Погружаясь в сон, слышу хлопотливые голоса, которые помогают преодолеть критическую черту. Все голоса бойкие, молодые, заботливые. Они перебивают друг друга, но никогда ссорятся. Старшему голосу – тысяча лет. Самому молодому, что напористей прочих даёт указания – нет и сорока. Голоса предупреждают, как встретить утро. Они советуют, во сколько проснуться, что съесть на завтрак, как и в каком месте перейти дорогу, с кем говорить, кого избегать. Фантомы прошлого сражаются за моё будущее, будто на кону стоит их собственная жизнь. Голосов ровно пятьдесят, – и все пятьдесят, это Я.

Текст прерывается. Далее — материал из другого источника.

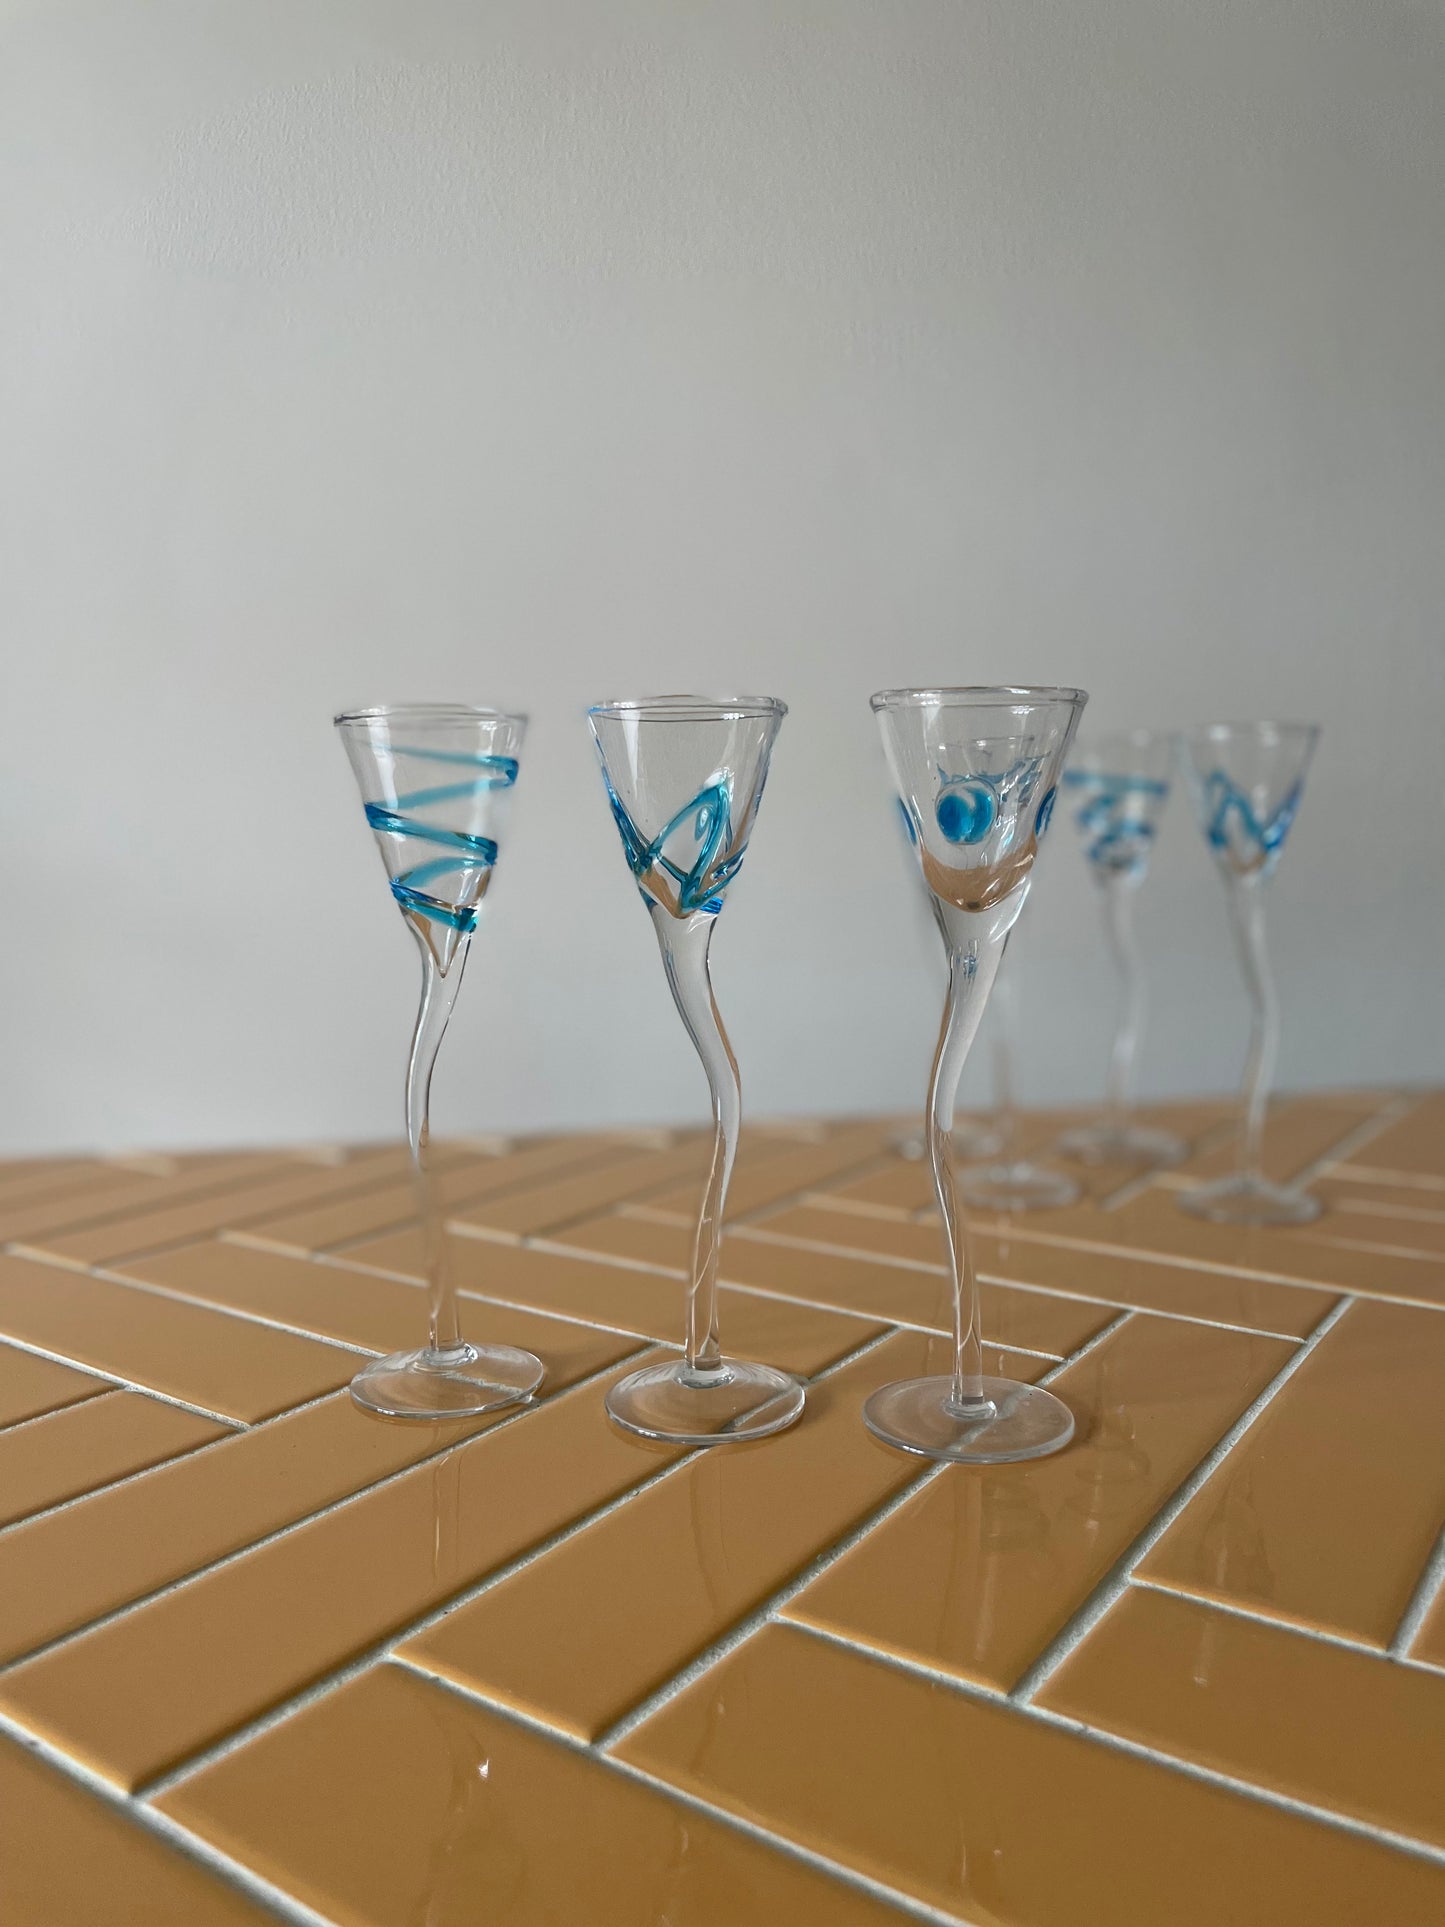 Handmade shot glasses

Солнечные лучи всегда разгоняют собрание, оставляя лишь алгоритм моих действий для нового дня. Чтобы выжить, надо следовать плану и никогда не сбиваться с начертанного пути. Весь день я выполняю задание. Дожив до ночи, я снова погружаюсь в сон и вижу себя в прошлом, – и пятьдесят Я строят план заново, чтобы прожить следующий день.
***
Отношение к смерти у каждого человека разное. Кто-то боится умереть. Иные прогоняют страх и живут в зоне риска, как вечные камни. Есть и такие, что сами ищут встречи с неизбежностью. Но за тысячелетний опыт я ни разу не видел, как выглядит смерть. На мой взгляд – она безлика. Никто из меня пятидесяти не встречался с ней, чтобы поболтать на завалинке перед тем, как заберёт пустота. Смерть накрывает мгновенно. Возможно, нет времени, чтобы разглядеть её красоту или уродство.

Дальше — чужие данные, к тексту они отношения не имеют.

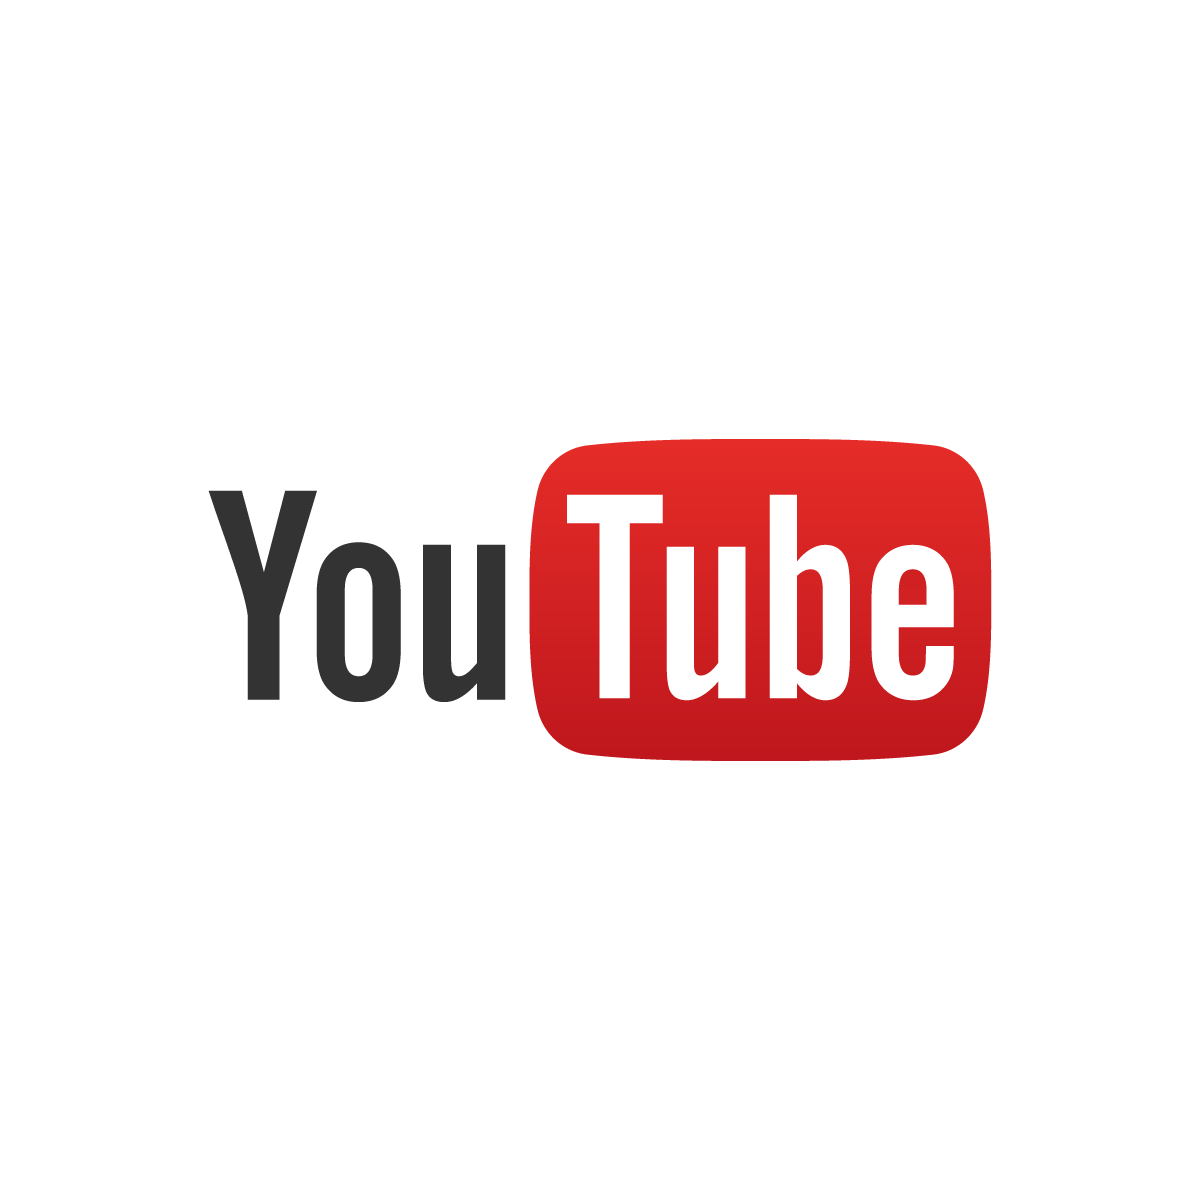 YouTube catat 2.7 bilion pengguna aktif pada ulang tahun ke-19

Бег, тревога, погоня. В меня летят стрелы, топоры, пули, ножи или камни. Меня настигает роковое оружие, и я погружаюсь во мрак. Кем только я не был, как только не умирал. Я уходил мучительно, храбро, в панике и даже в танце. Я проваливался в пустоту, тонул в реке и горел в агонии, будто по венам пускали обжигающий яд. На смену свету и боли всегда приходила тьма, чтобы возродиться плачем ребёнка и новым рассветом, прибавляя следующего Я.

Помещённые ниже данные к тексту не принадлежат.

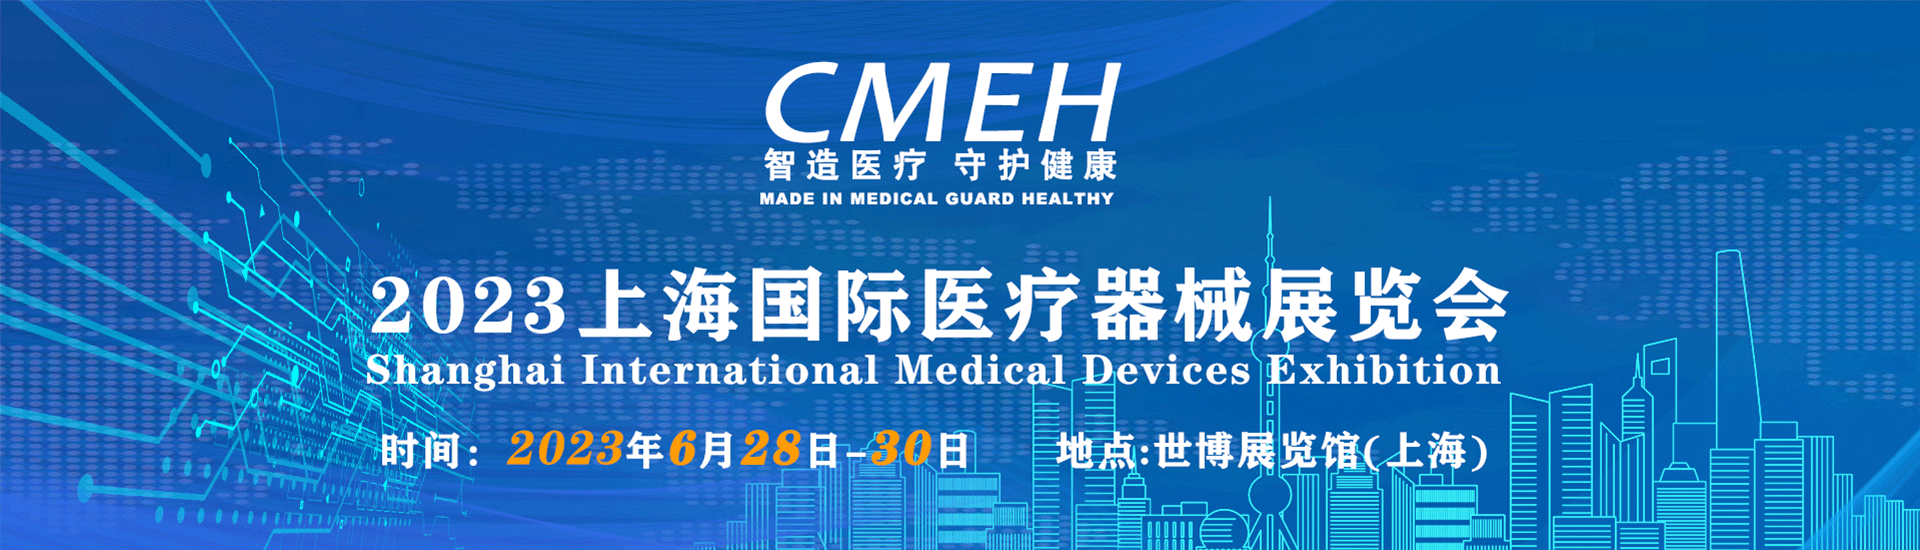 中国医疗器械展览会-中国国际医疗器械博览会-医疗展会一览表

Неразумно торопить время, задирая бравадой вселенских Творцов. Мне никогда не понять прыгающих в пропасть безумцев или храбрецов, лазающих без страховки по небоскрёбам, словно они не люди, а голодные пауки. Я имею право сказать всем глупцам: остановитесь!.. оттого что мне открылась часть мира, о которой никто не помнит. Меня не терзает вопрос, что за гранью любви и света. Мне не нужно гадать, для чего дана жизнь, поскольку ночью я вспоминаю, как рождался и умирал, – а умирать всегда страшно и болезненно. Я призываю безрассудных юнцов: не дёргайте смерть за невидимые нити, не играйте с ней в жмурки, не дразните её, потому что она всегда побеждает. И неизвестно, что станет с вашим будущим, если вы убьёте себя сами – даже с наивной целью покорить мифический страх.
***
Я знаю, что ни разу не дожил до двадцати лет. Мне напоминают об этом каждую ночь. Все пятьдесят голосов сожалеют о нашем скором уходе и думают под луной, как перешагнуть границу.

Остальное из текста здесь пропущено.